> [Given material]:
»»

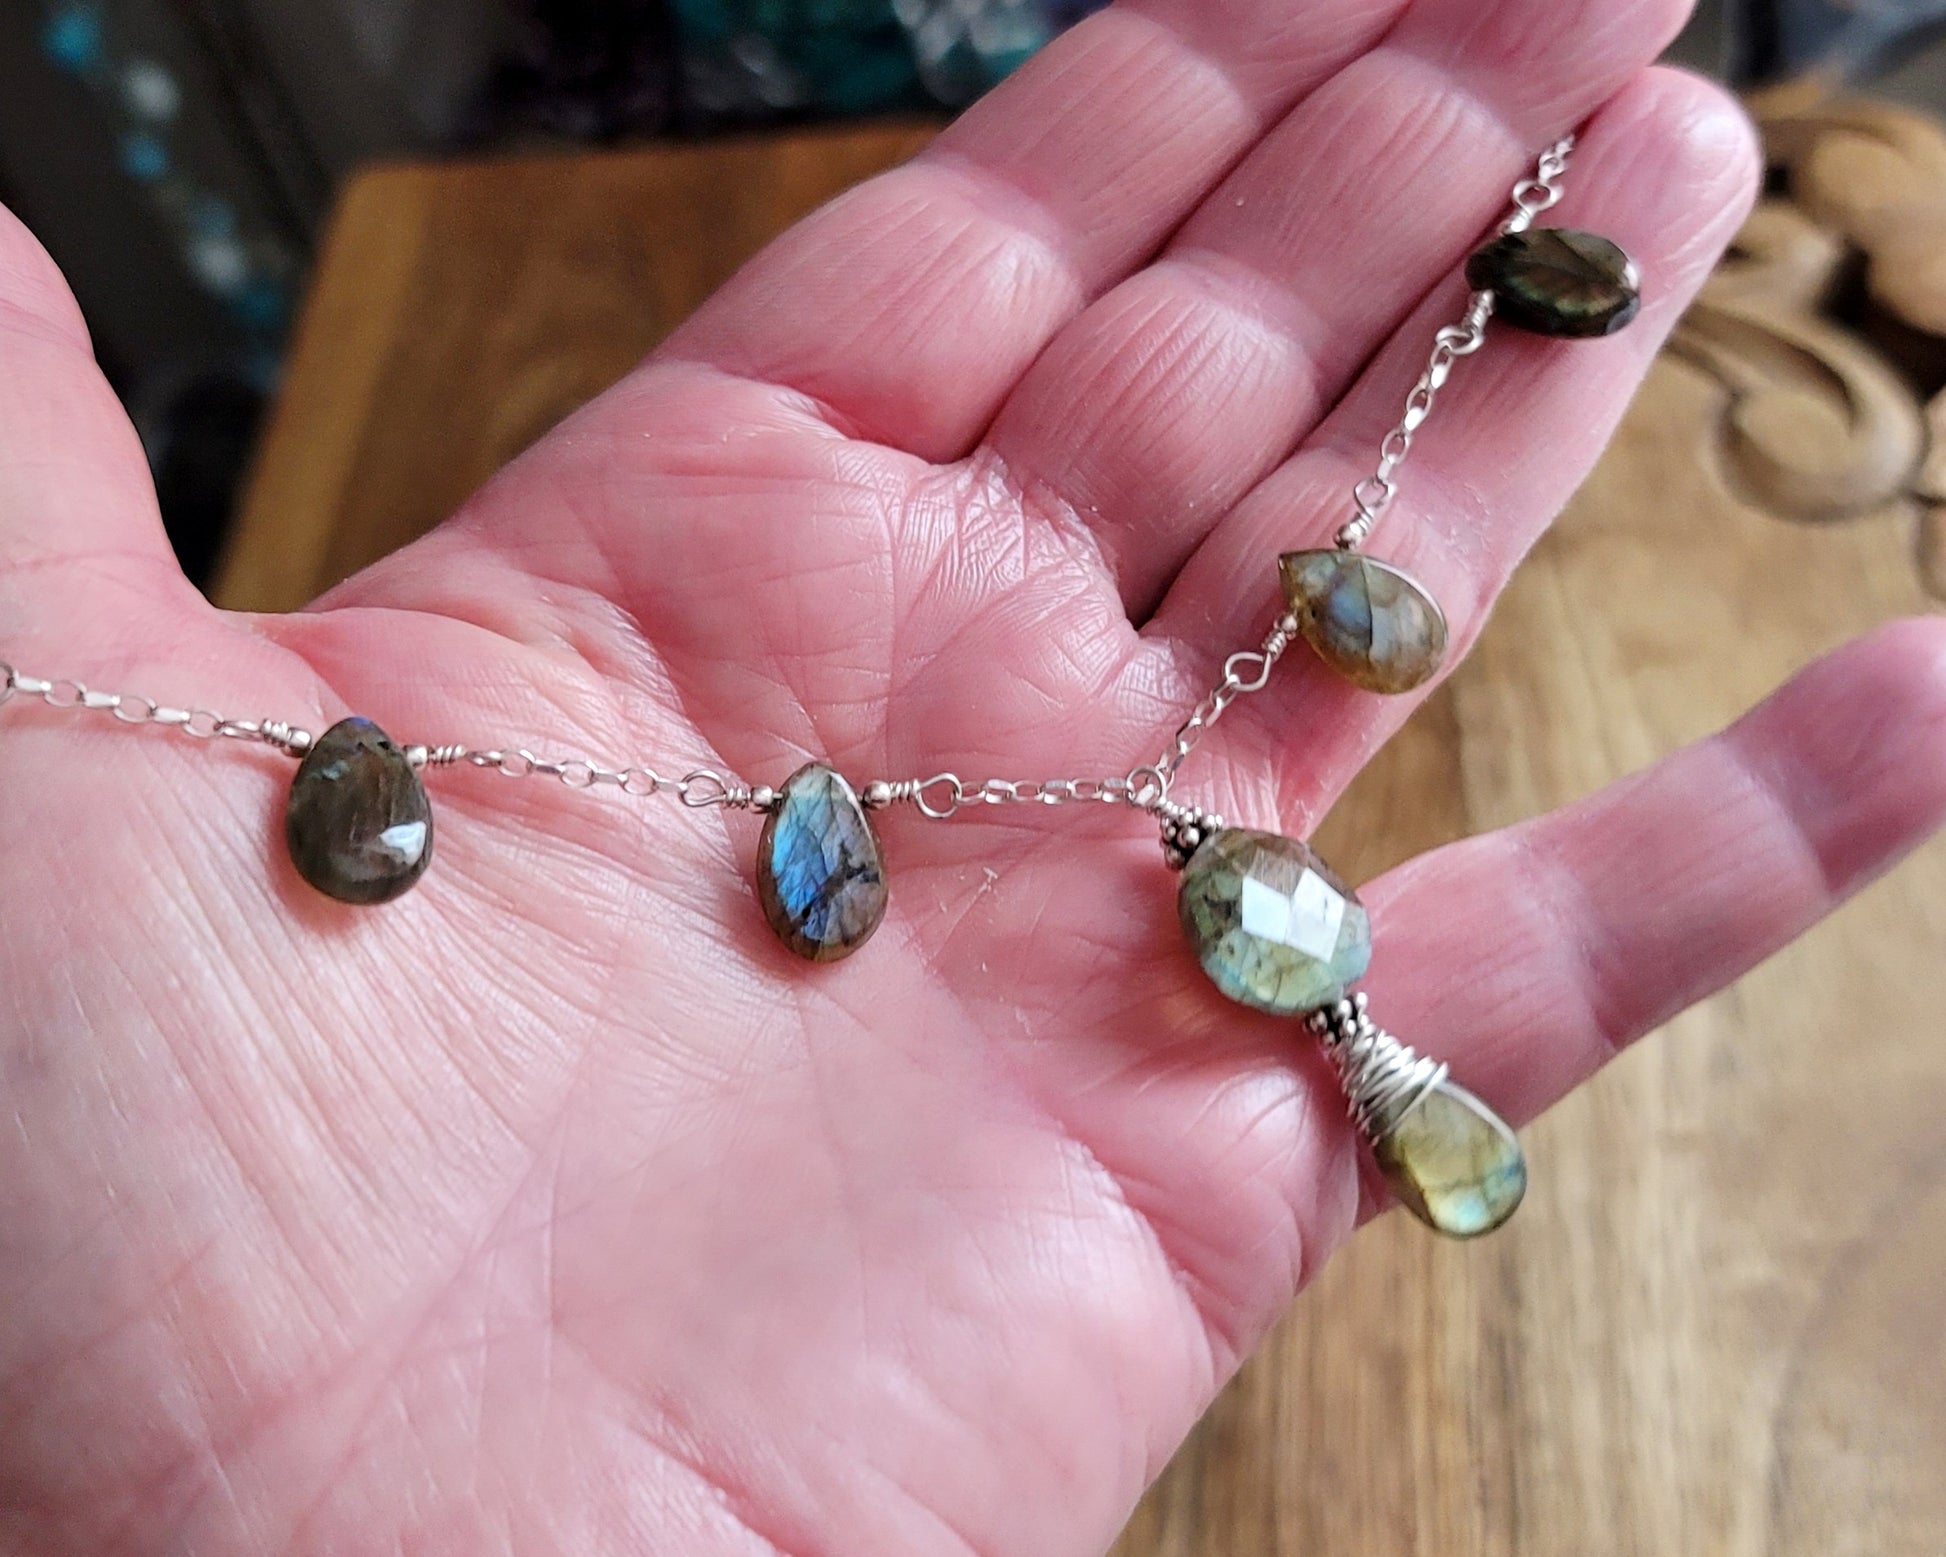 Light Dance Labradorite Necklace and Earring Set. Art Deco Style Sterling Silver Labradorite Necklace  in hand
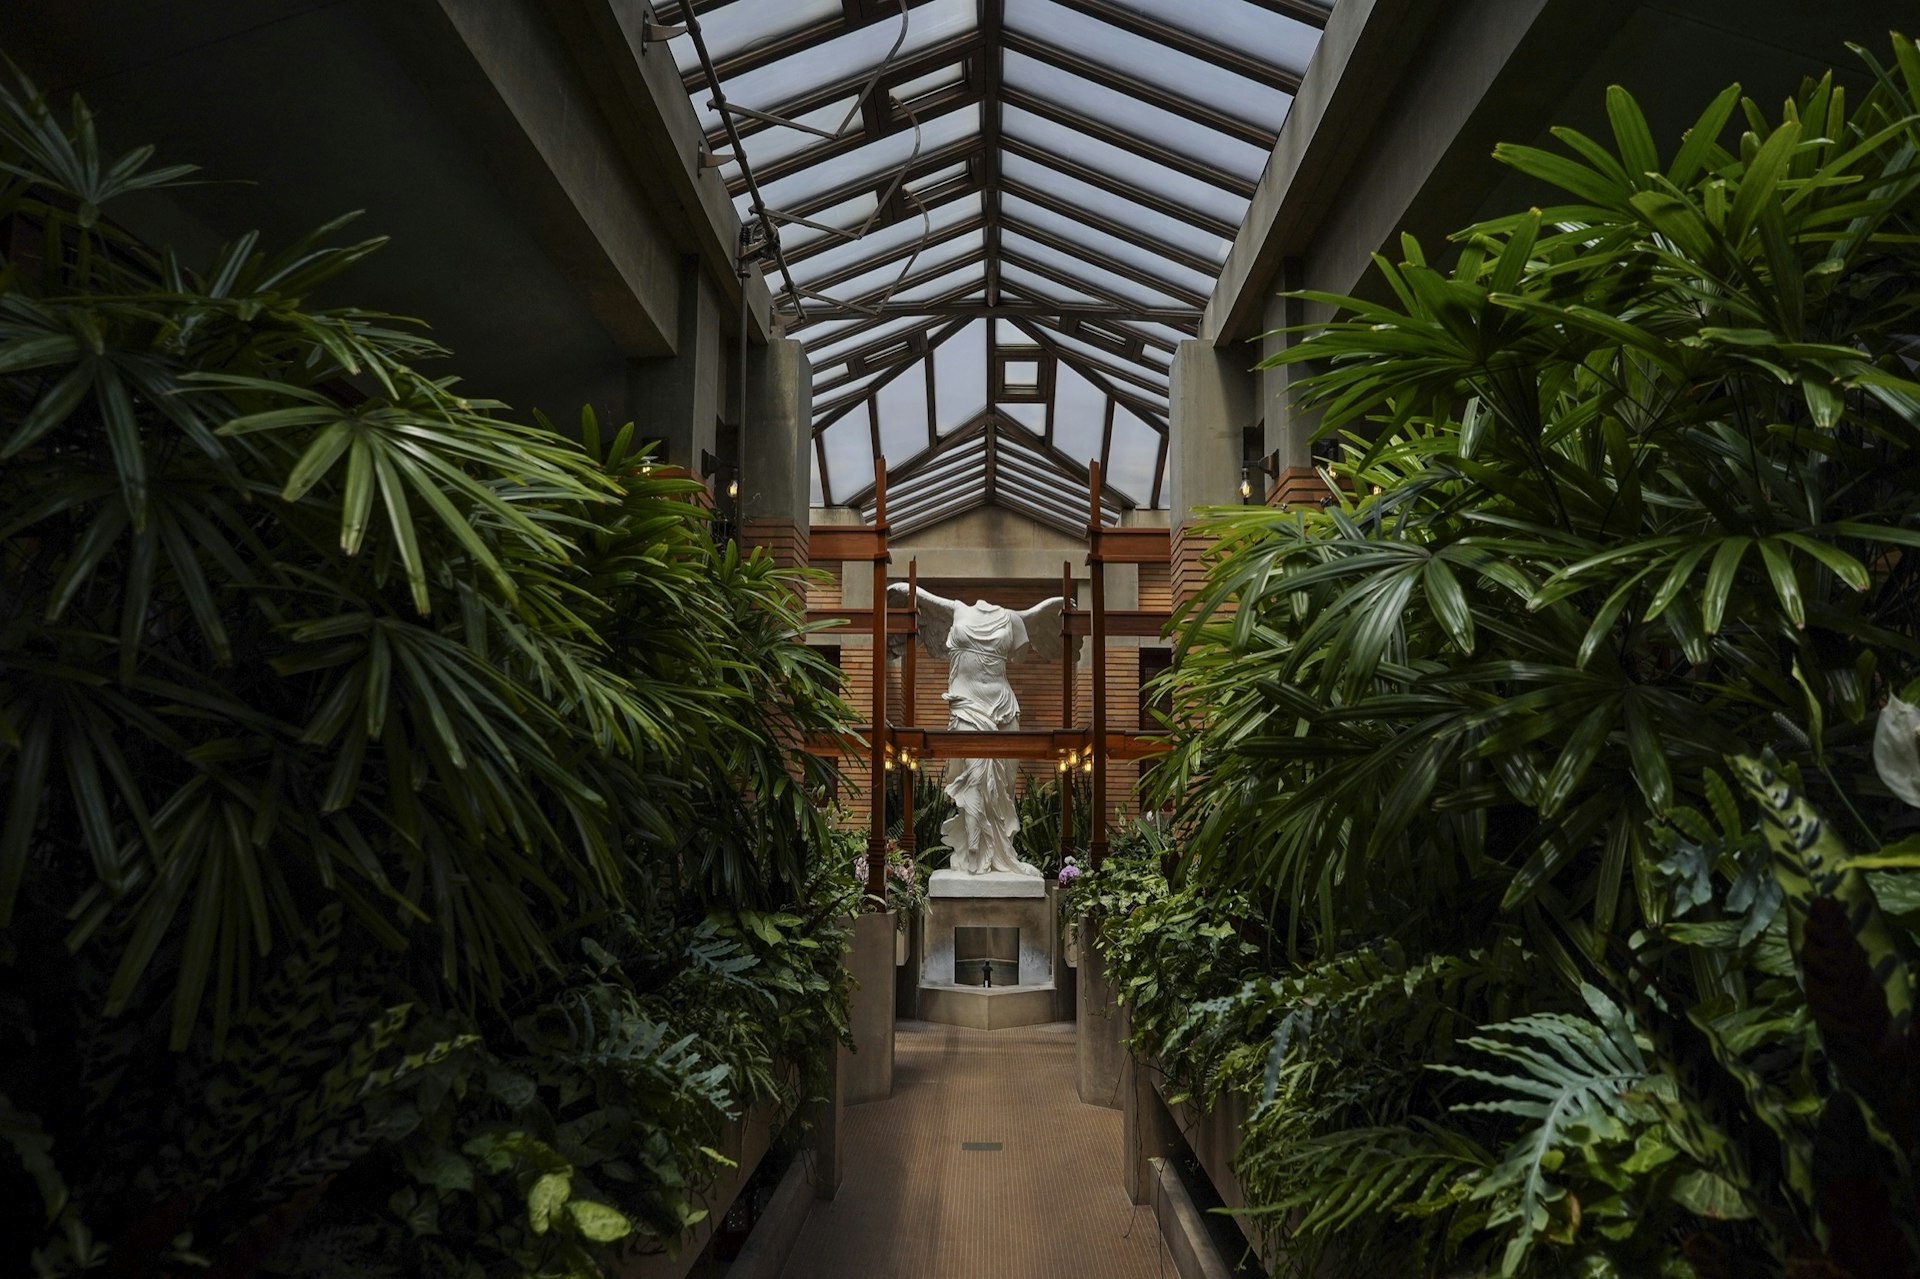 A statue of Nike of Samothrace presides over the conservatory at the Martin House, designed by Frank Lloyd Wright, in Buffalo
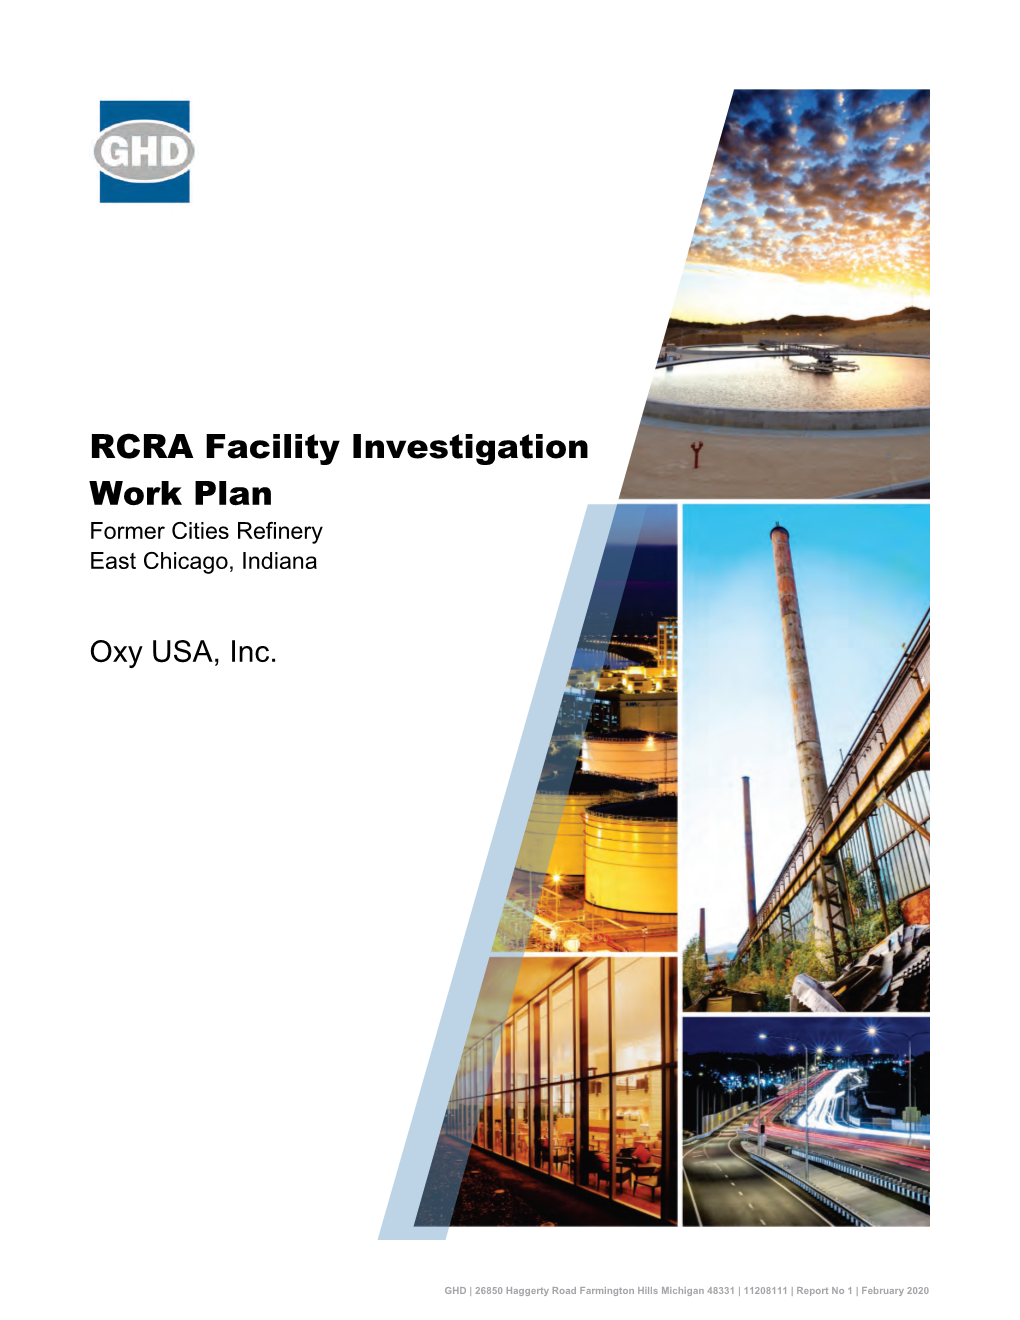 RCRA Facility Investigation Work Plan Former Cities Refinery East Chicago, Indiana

««

> [Exercise]: The data above must be written out again word for word, without its pictures.

> [Exercise response]:
 Light Dance Labradorite Necklace and Earring Set. Art Deco Style Sterling Silver Labradorite Necklace  in hand
 A statue of Nike of Samothrace presides over the conservatory at the Martin House, designed by Frank Lloyd Wright, in Buffalo
 RCRA Facility Investigation Work Plan Former Cities Refinery East Chicago, Indiana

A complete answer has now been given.